Exercise directions: Reproduce verbatim all of the data given below, but do not carry over the images.

Provided material:
^^^^^^^^
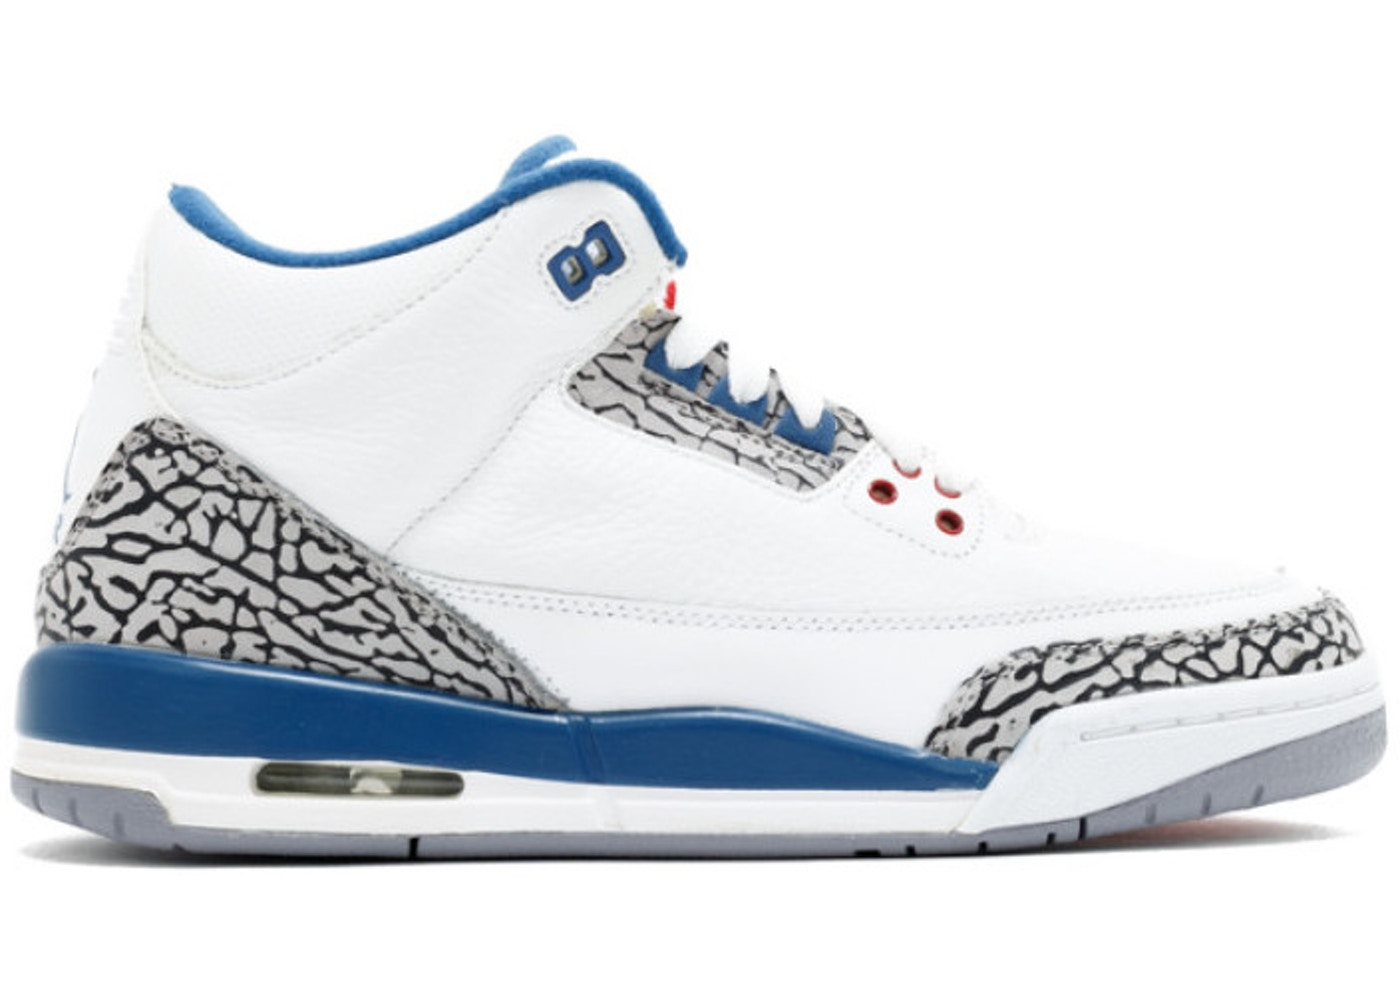 76171bdf77c7 Jordan 3 Retro True Blue 2011 (GS) - 398614-104
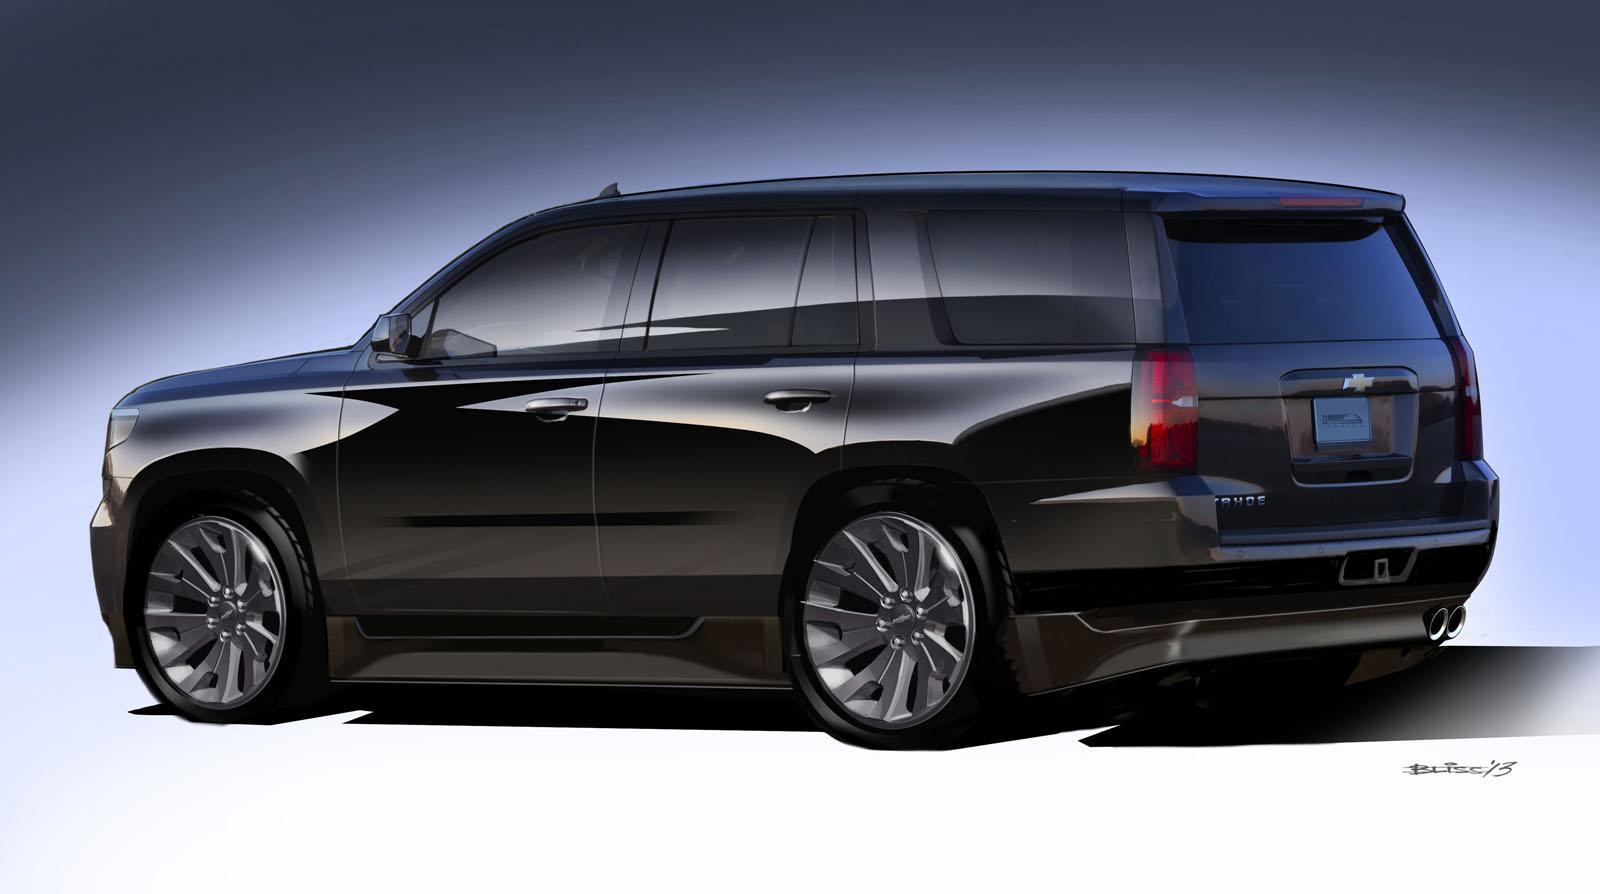 2014 Chevy Tahoe >> Chevrolet Unveils Tahoe, Suburban SEMA Concepts - autoevolution
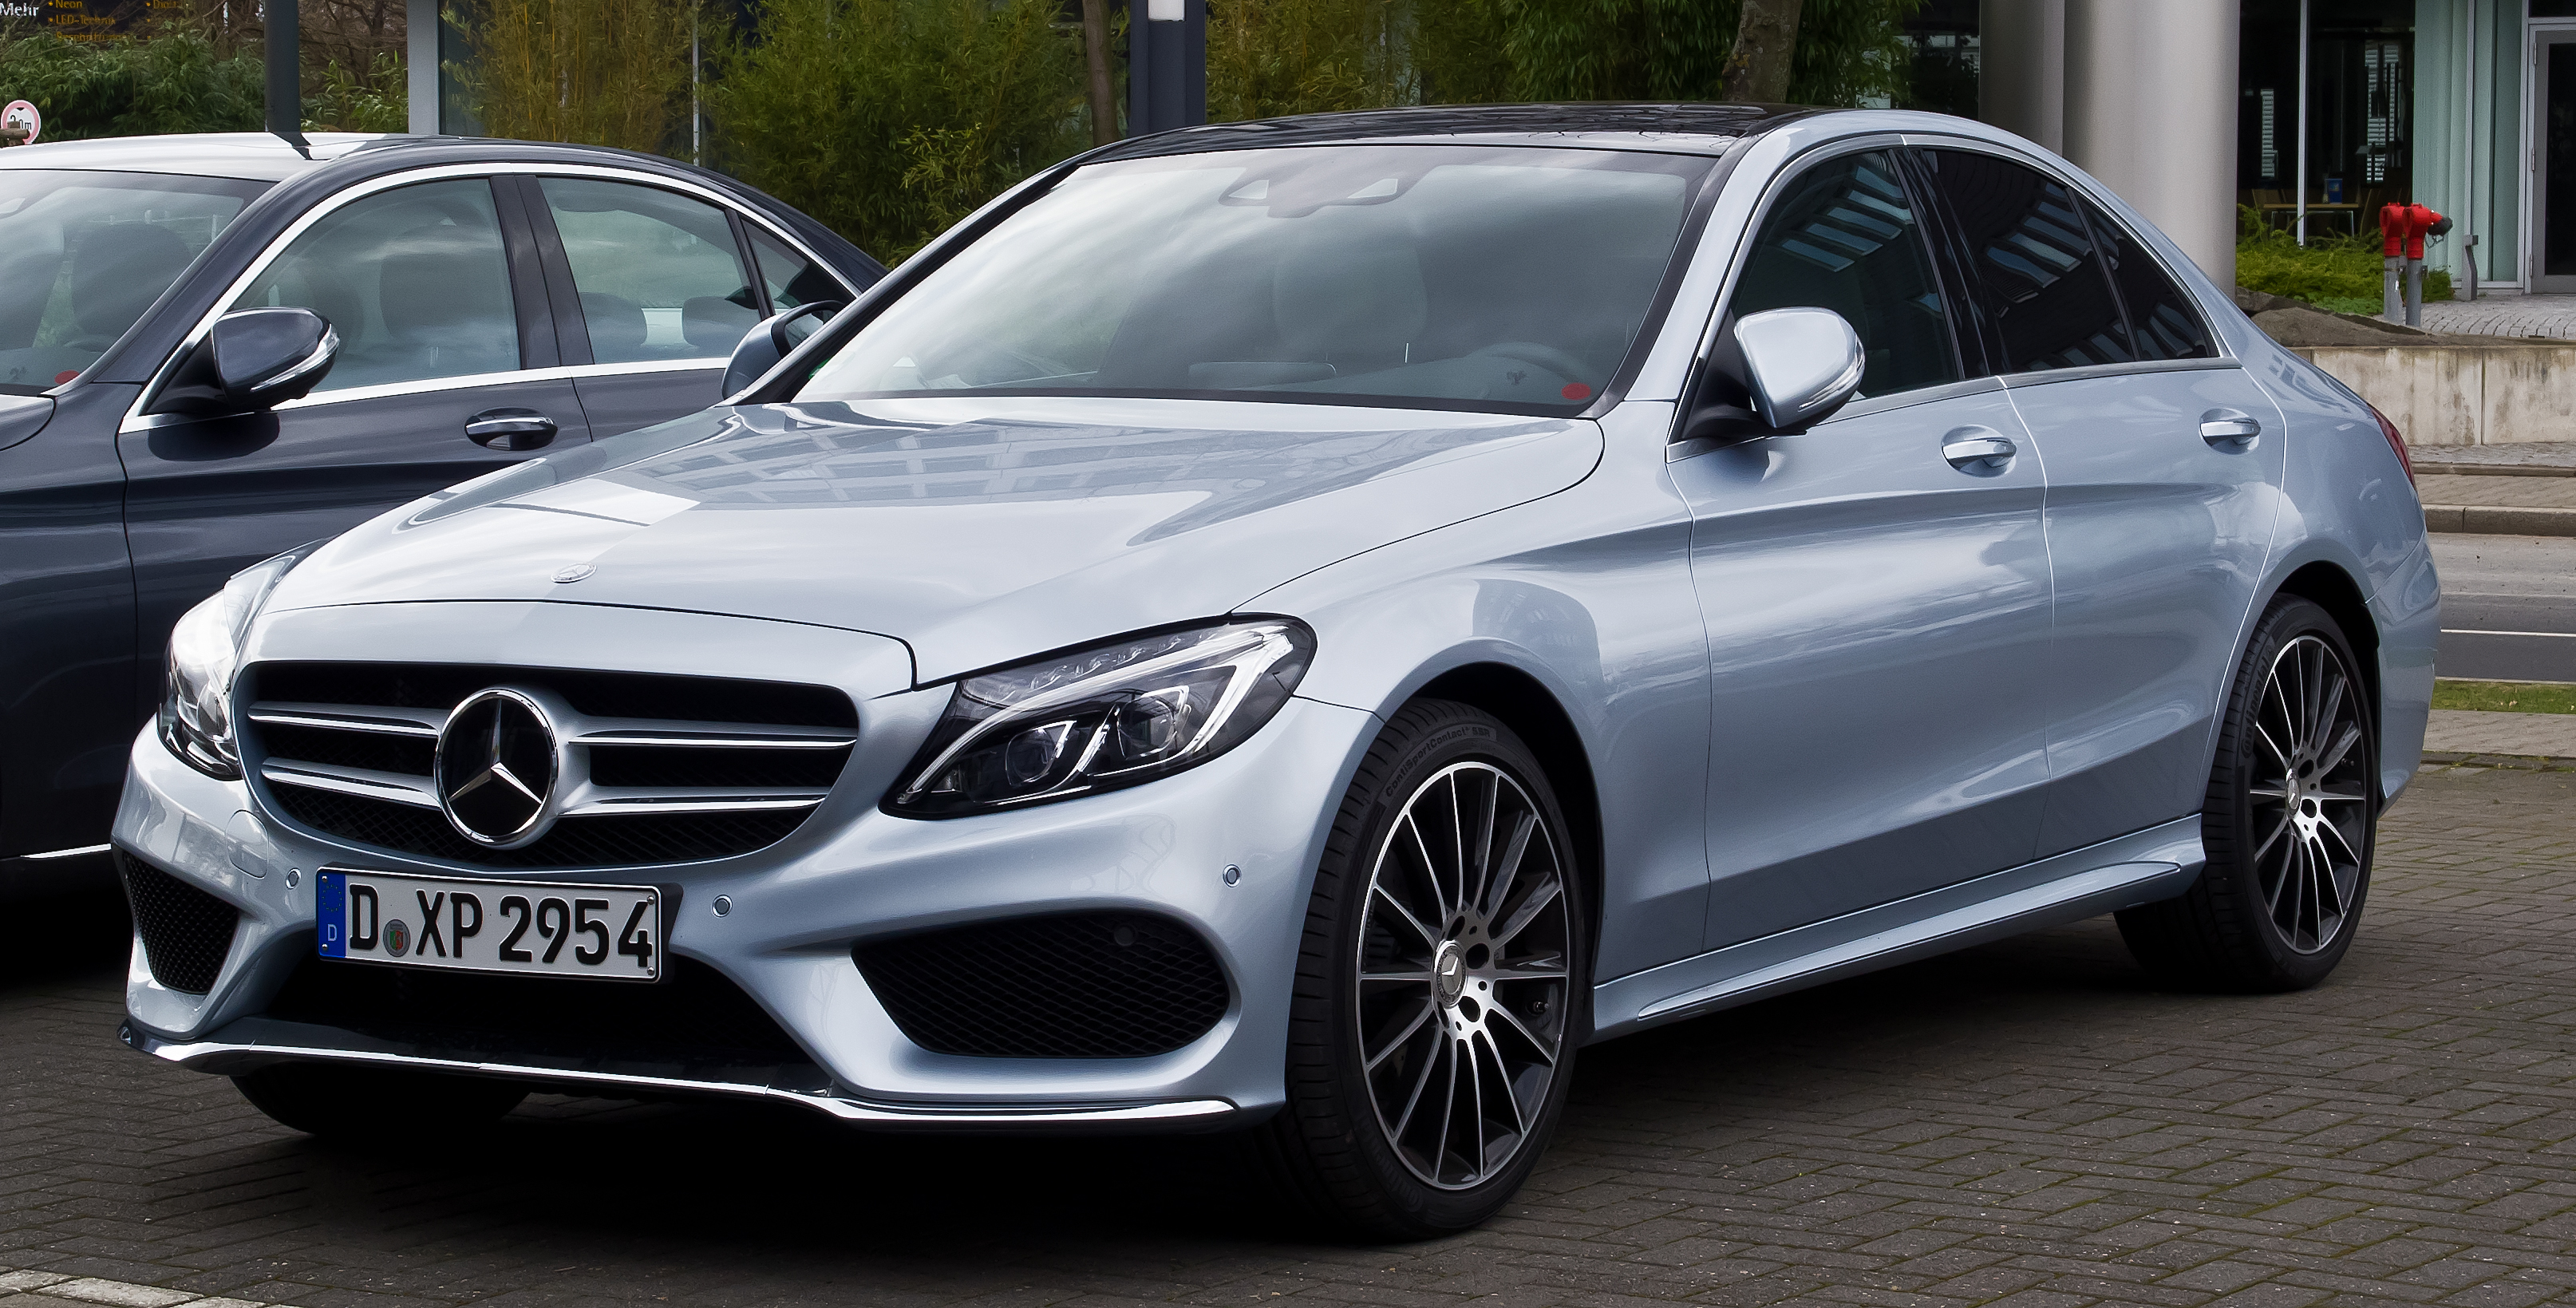 File:Mercedes-Benz C 220 BlueTEC AMG Line (W 205 ...
^^^^^^^^
Written response:
 76171bdf77c7 Jordan 3 Retro True Blue 2011 (GS) - 398614-104
 2014 Chevy Tahoe >> Chevrolet Unveils Tahoe, Suburban SEMA Concepts - autoevolution
 File:Mercedes-Benz C 220 BlueTEC AMG Line (W 205 ...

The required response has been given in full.